WORK ORDER: Drop all images. Then write out each line below exactly as given.

** Opening AVAILABLE DATA block **

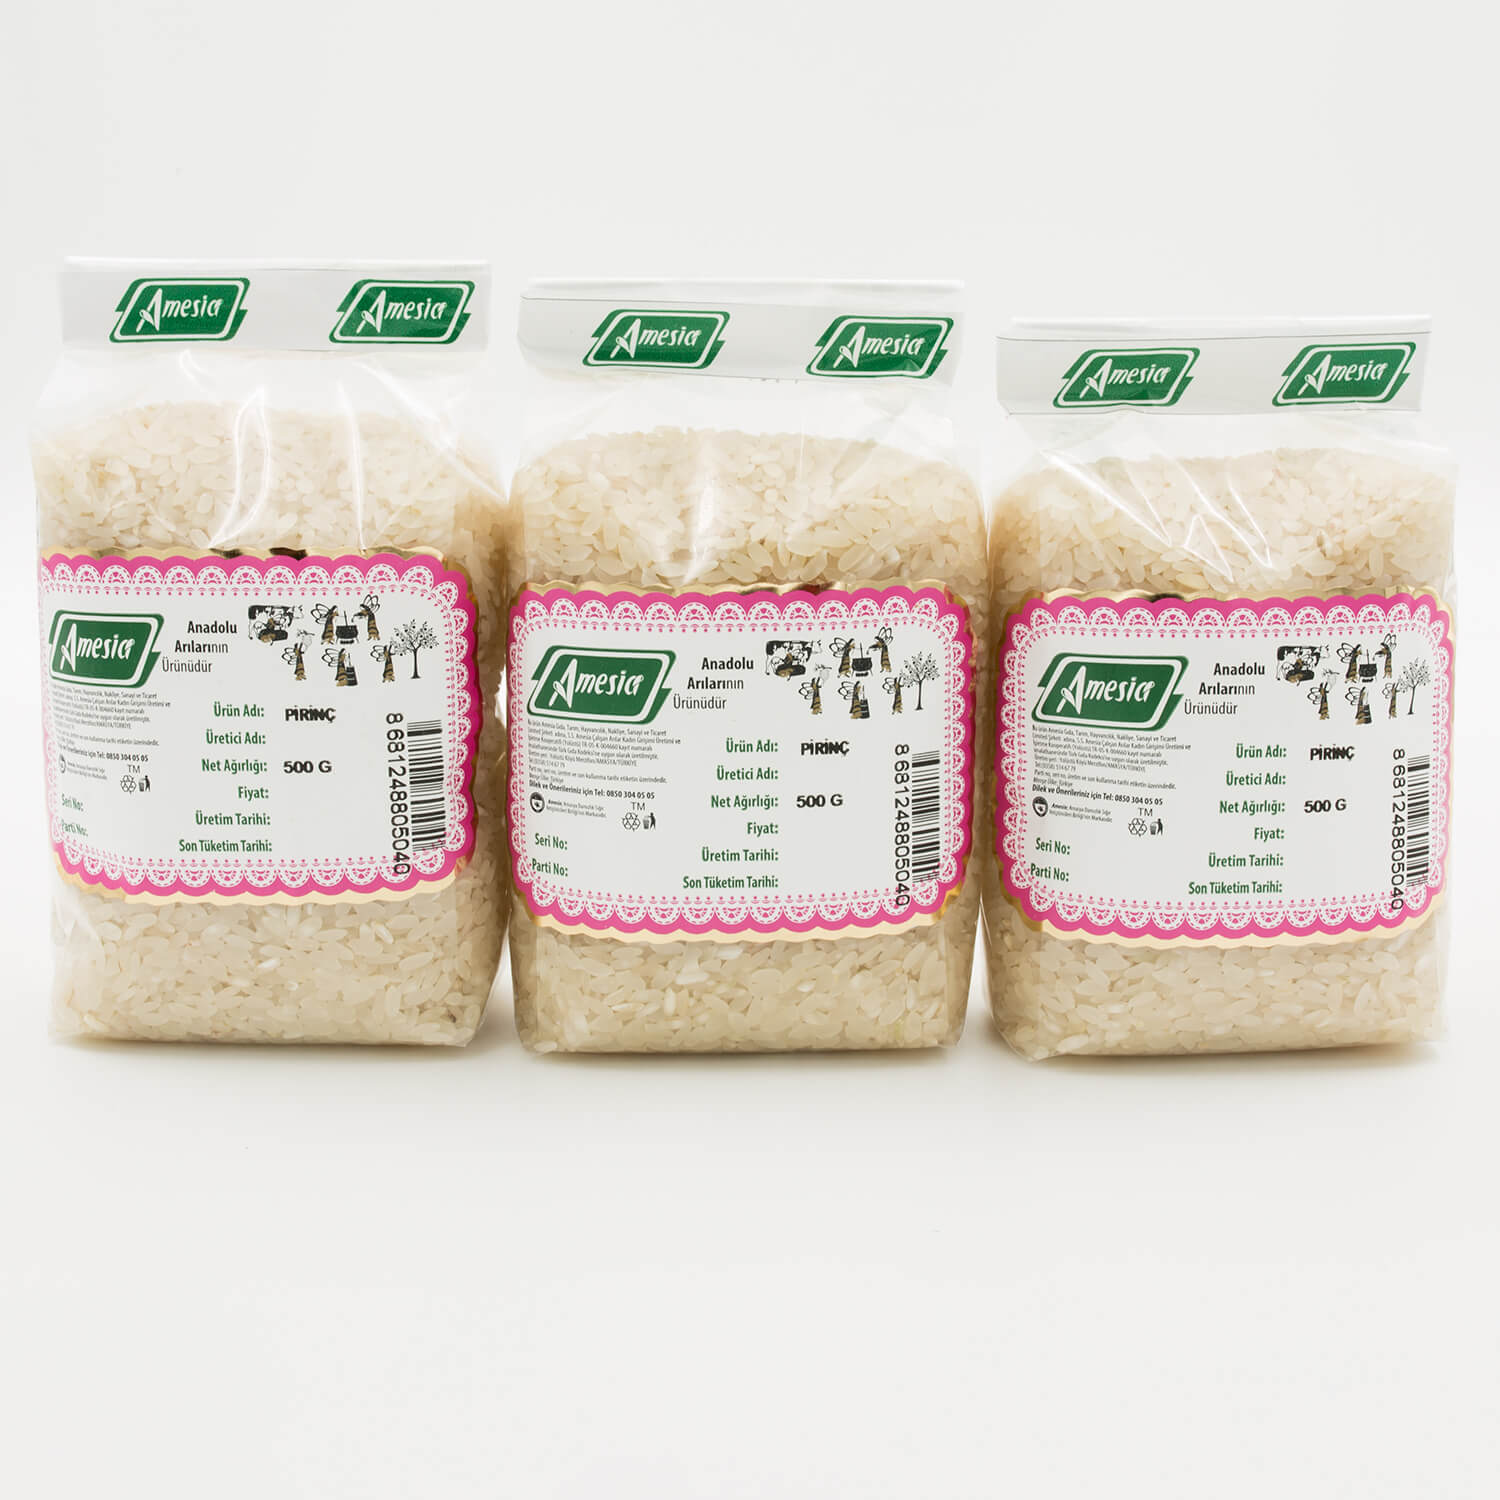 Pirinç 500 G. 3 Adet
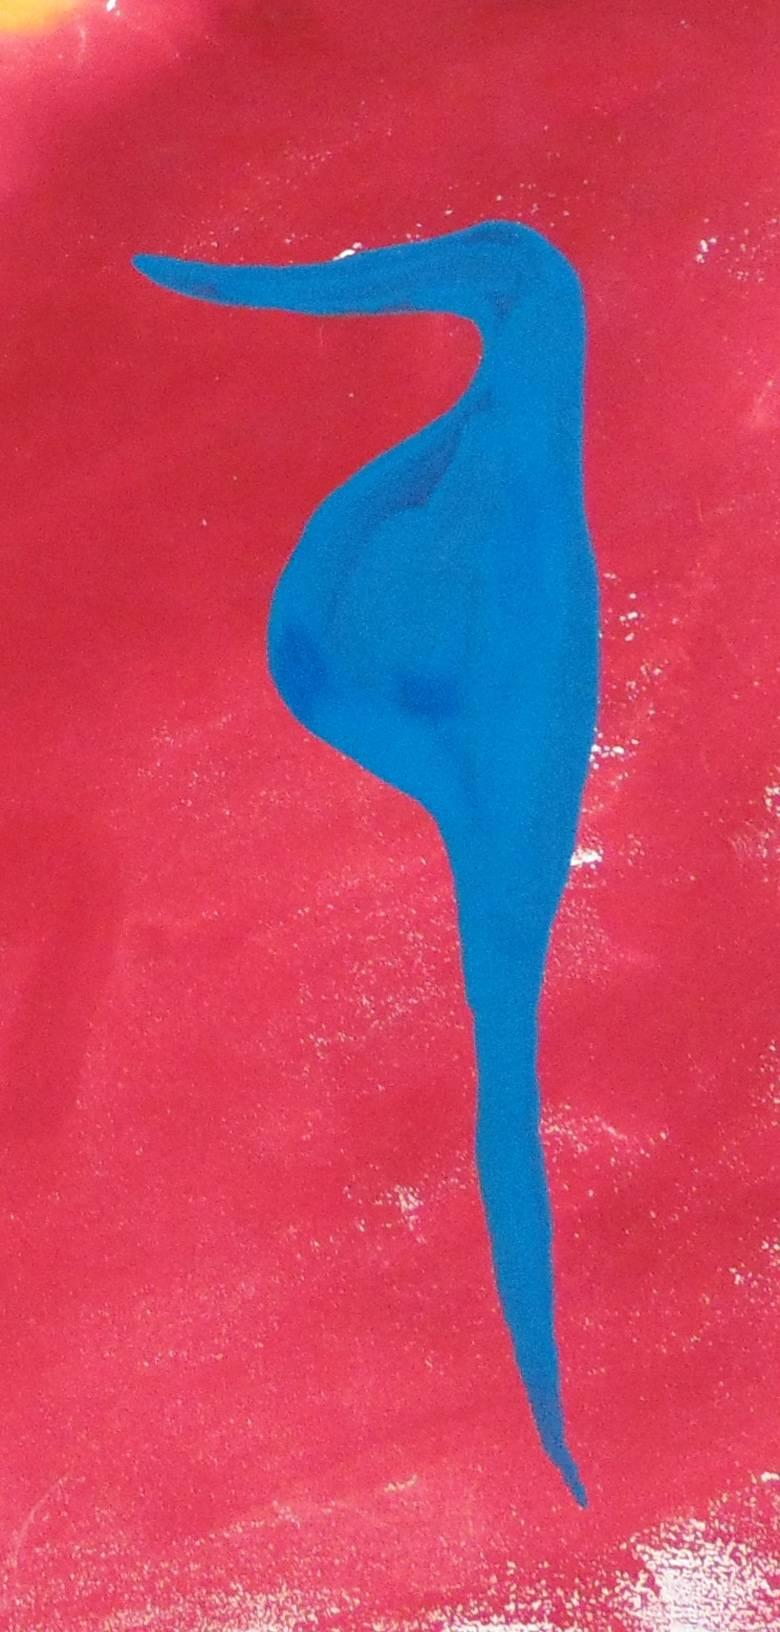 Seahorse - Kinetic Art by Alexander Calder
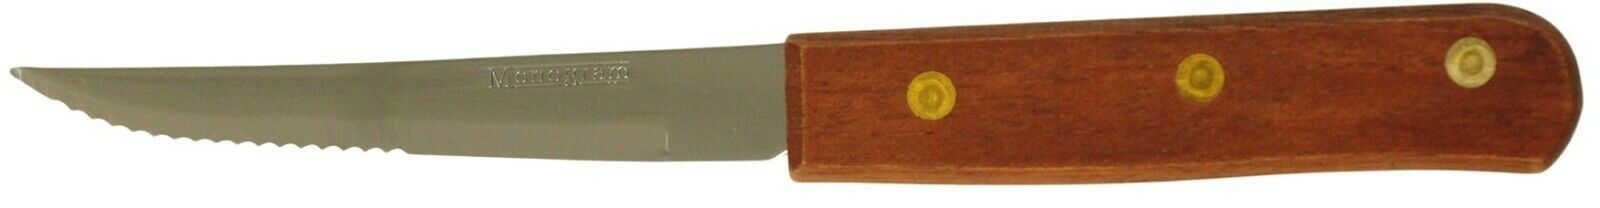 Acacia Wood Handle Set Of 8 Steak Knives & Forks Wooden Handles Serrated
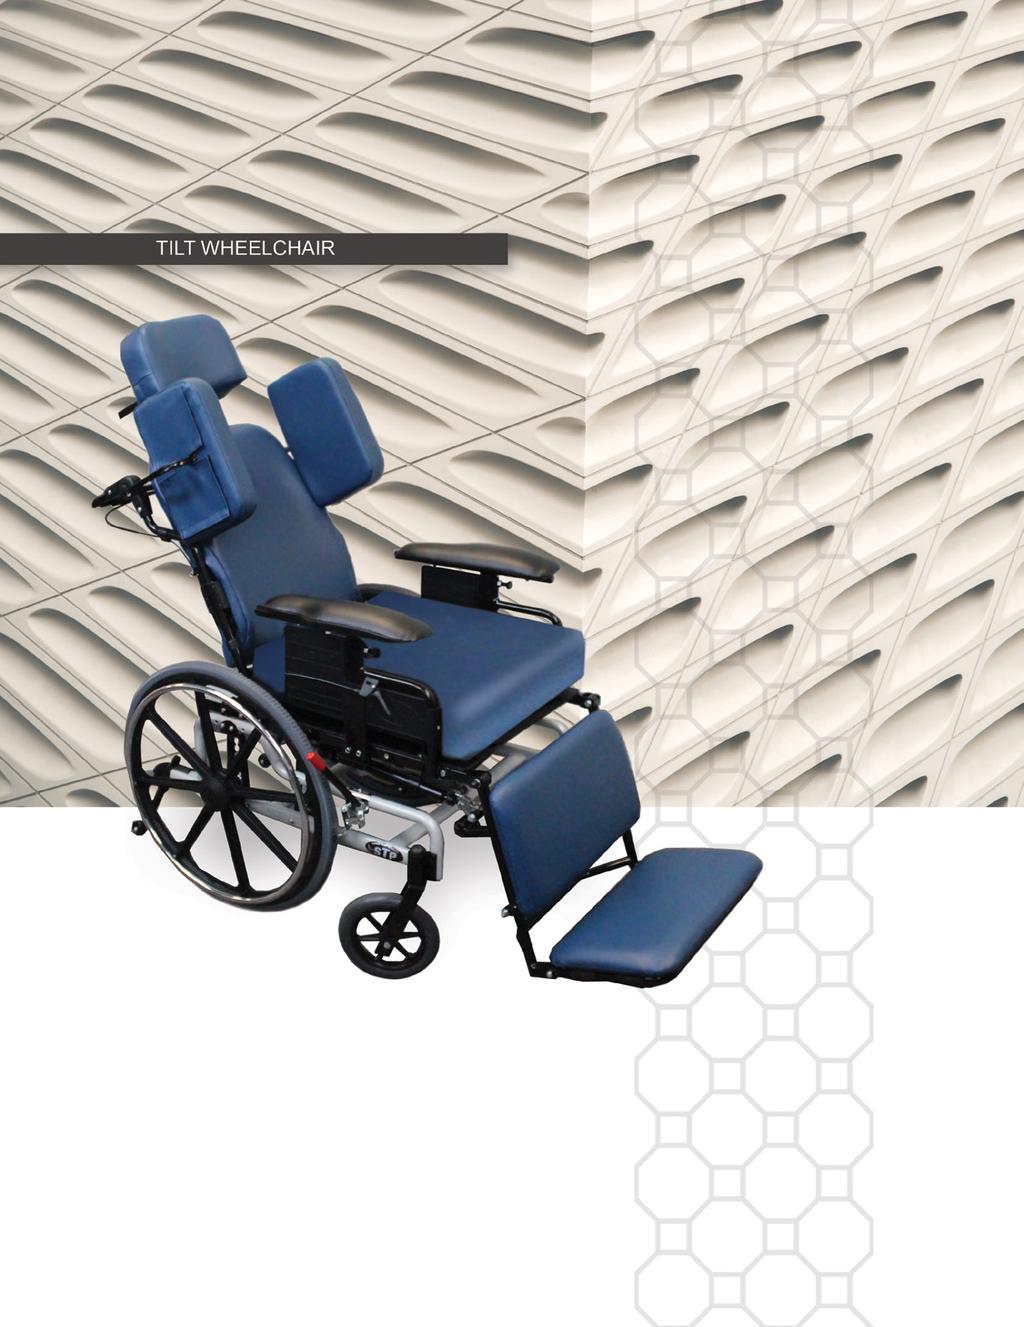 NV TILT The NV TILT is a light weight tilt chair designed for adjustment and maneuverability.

** Closing AVAILABLE DATA block **

WRITTEN REPLY:
 Pirinç 500 G. 3 Adet
 Seahorse - Kinetic Art by Alexander Calder
 Acacia Wood Handle Set Of 8 Steak Knives & Forks Wooden Handles Serrated
 NV TILT The NV TILT is a light weight tilt chair designed for adjustment and maneuverability.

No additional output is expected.